Population Genetics Demonstrates Persistence of Lined Seahorse in Western Mid-Atlantic Ocean

In a finding vital to effective species management, a team including City College of New York (CCNY) biologists has determined that the lined seahorse (Hippocampus erectus) is more a permanent resident of the western mid-Atlantic Ocean than a vagrant. The fish is commonly found in three western Atlantic zoogeographic provinces, although inhabitants of the temperate northern Virginia Province are often considered tropical vagrants that arrive during warm seasons from the southern provinces and perish as temperatures decline. Researchers including Ph.D. student J.T. Boehm and Dr. Michael Hickerson of CCNY decided to test the alternative hypotheses of historical persistence versus the ephemerality of a northern Virginia Province population.

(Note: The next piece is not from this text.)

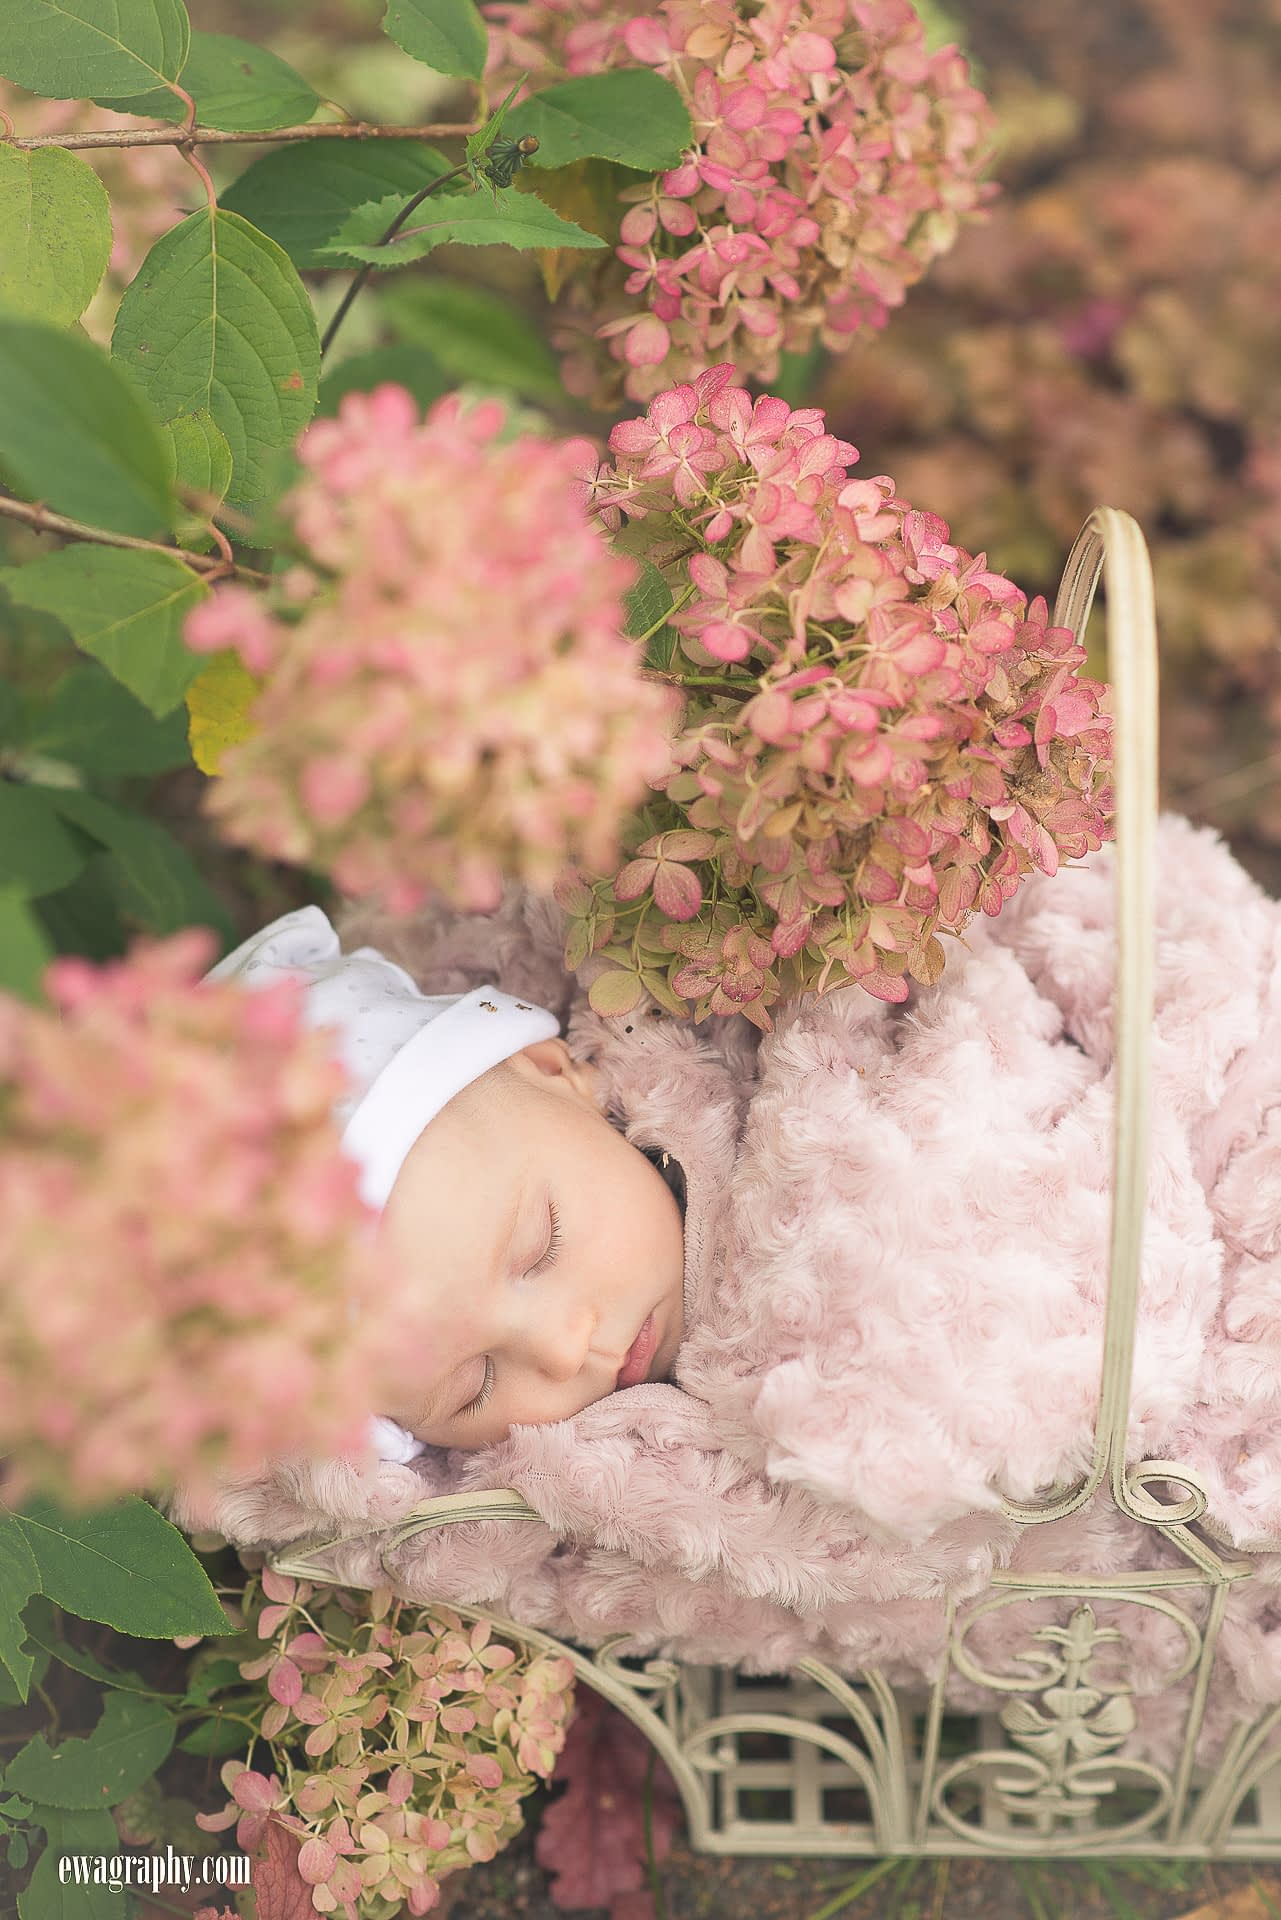 sesja-niemowleca-w-hortensjach-1-of-1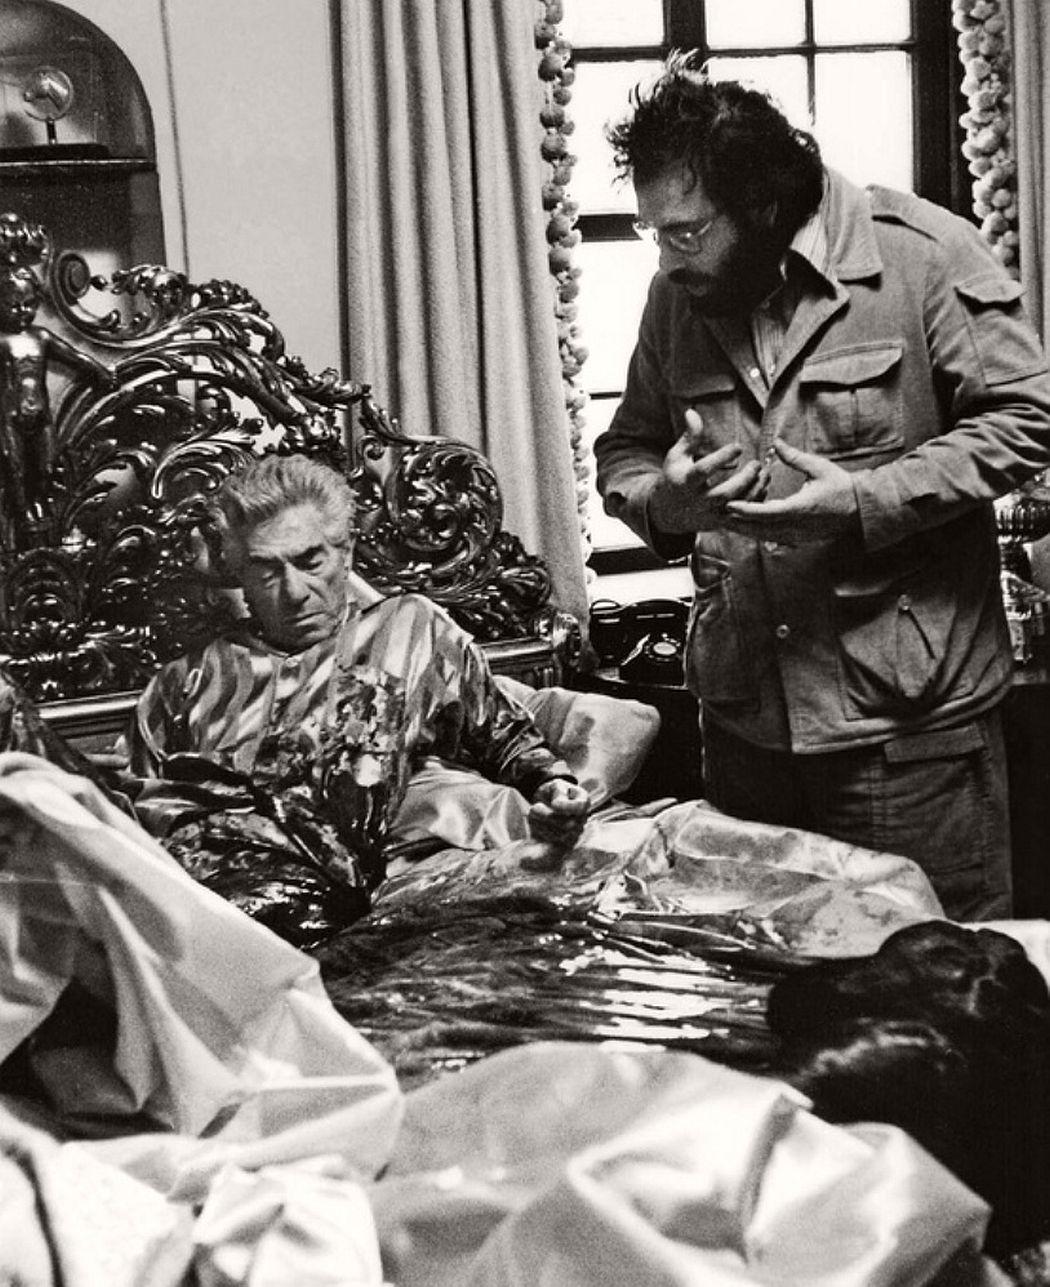 the-godfather-1972-behind-the-scenes-francis-ford-coppola-marlon-brando-al-pacino-57

They used a dataset consisting of 11,708 randomly sampled spots from the genomes of individuals collected from the eastern Gulf of Mexico to Long Island, New York. "Concordant results from genomic analyses all infer three genetically divergent subpopulations, and strongly support Virginia Province inhabitants as a genetically diverged and a historically persistent ancestral gene pool," said Mr. Boehm. The results suggested that individuals that emerge in coastal areas during the warm season can be considered "local" and support offshore migration during the colder months. "This research demonstrates how a large number of genes sampled across a geographical range can capture the diversity of coalescent histories (across loci) while inferring population history," said Dr. Hickerson. "Moreover, these results clearly demonstrate the utility of population genomic data to infer peripheral subpopulation persistence in difficult-to-observe species." The study was published online on January 28, 2015 in an article in the open-access journal PLOS ONE. The image shows a lined seahorse (Hippocampus erectus).